» Work to be completed
For this exercise, copy exactly every line from the one holding "Hammer, Screwdrivers, Pliers, Drill" through the end of the data, both included. Omit pictures.

» Data extract

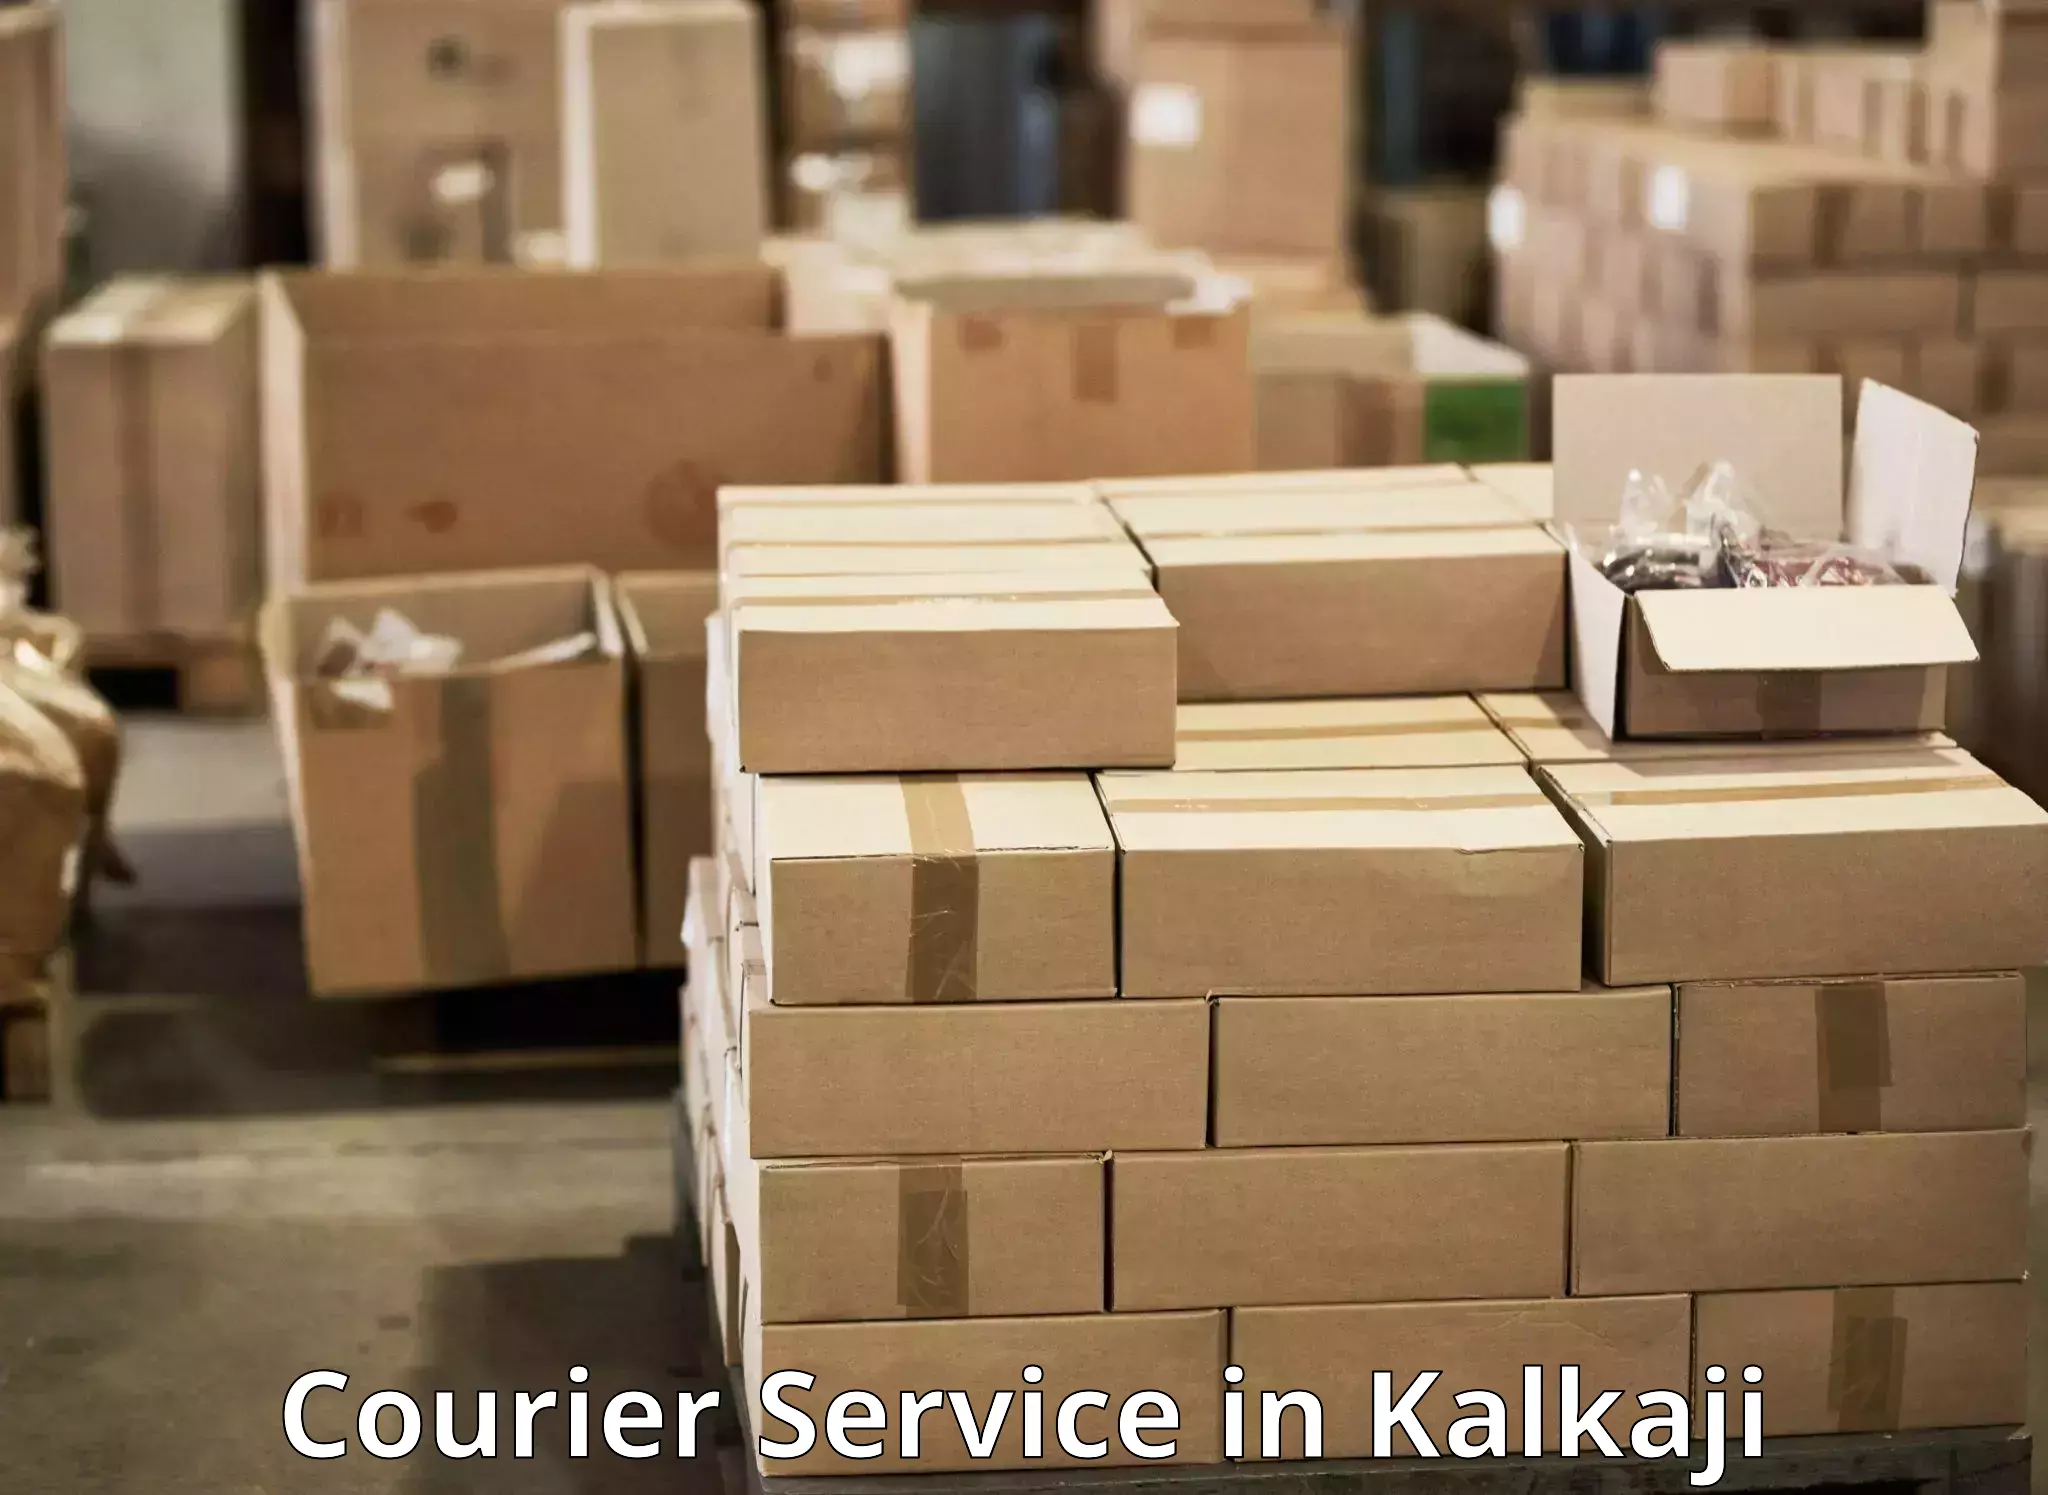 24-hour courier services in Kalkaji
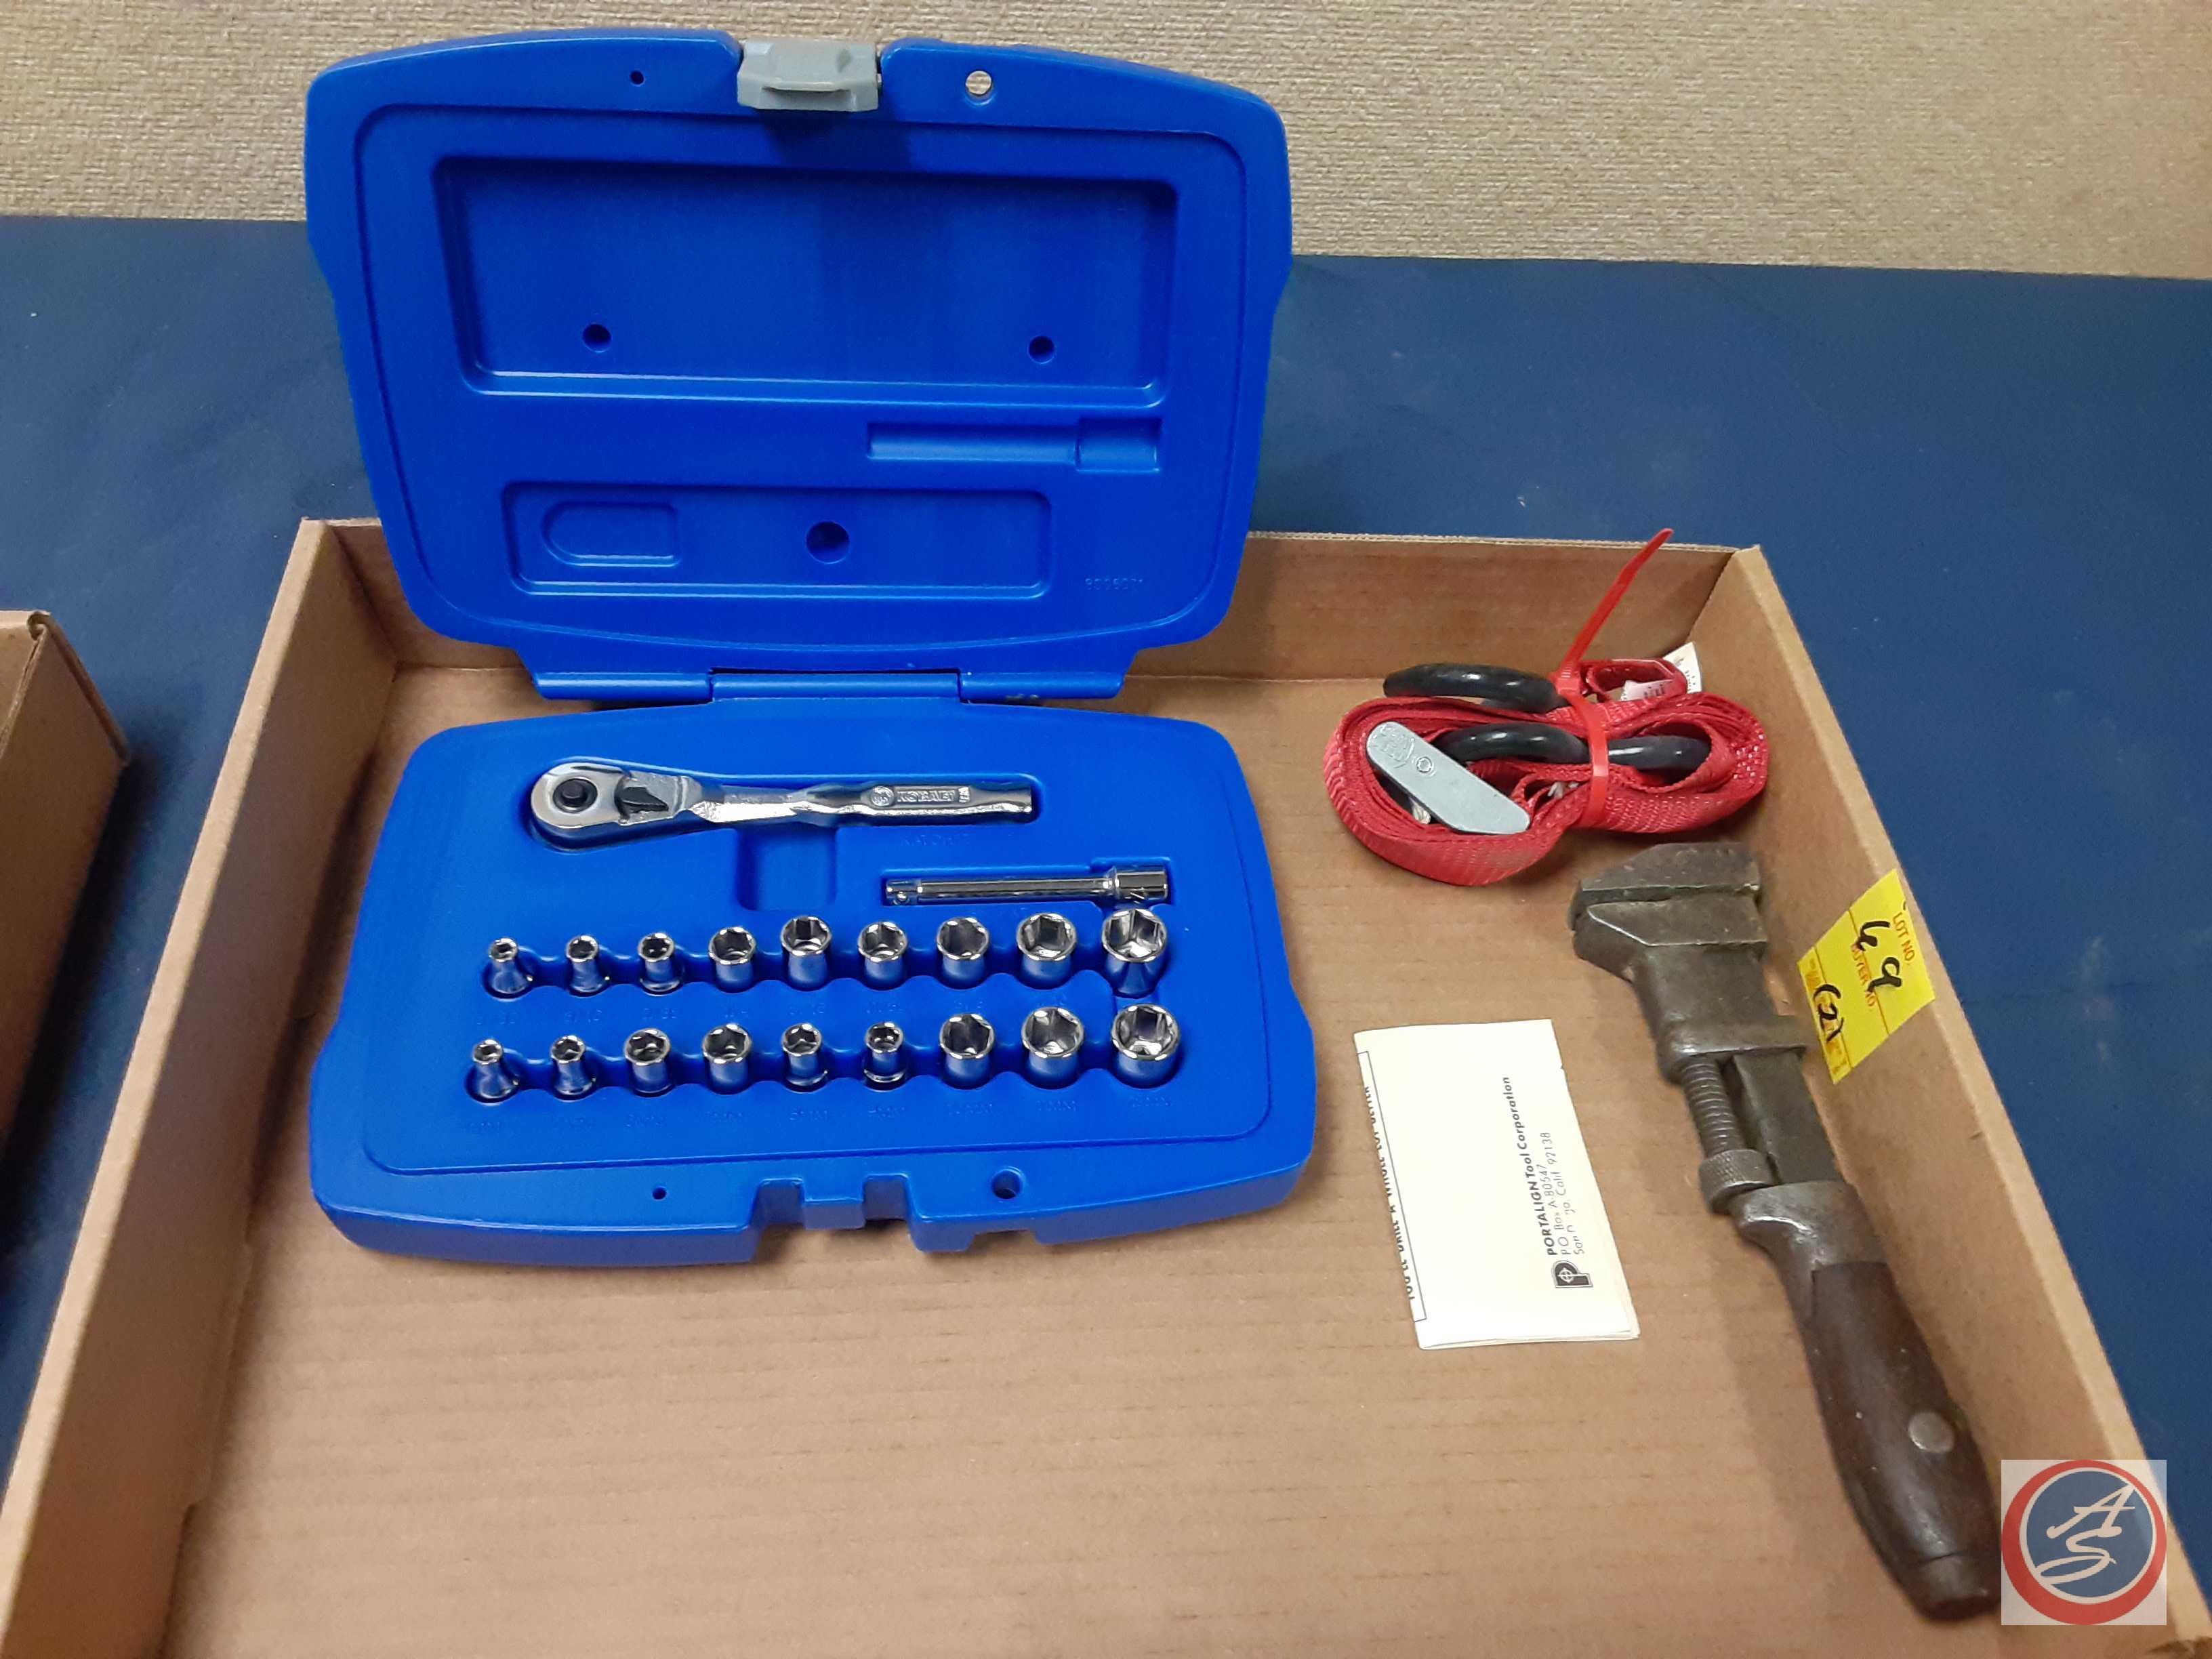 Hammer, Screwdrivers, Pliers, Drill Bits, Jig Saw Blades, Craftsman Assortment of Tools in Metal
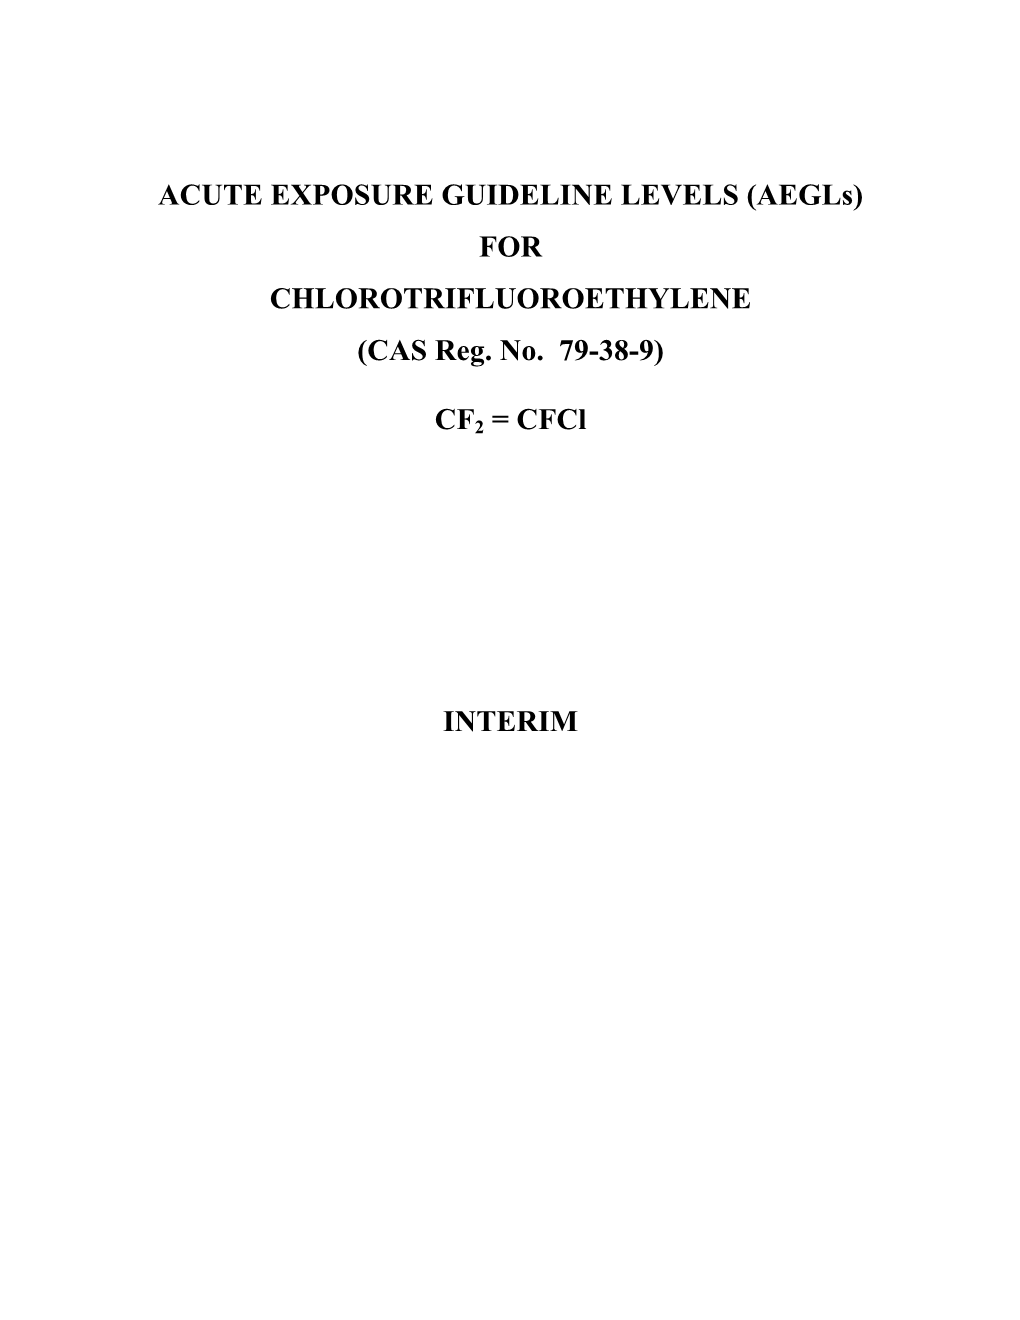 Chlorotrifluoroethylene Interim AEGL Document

» Task solution
 Hammer, Screwdrivers, Pliers, Drill Bits, Jig Saw Blades, Craftsman Assortment of Tools in Metal
 Chlorotrifluoroethylene Interim AEGL Document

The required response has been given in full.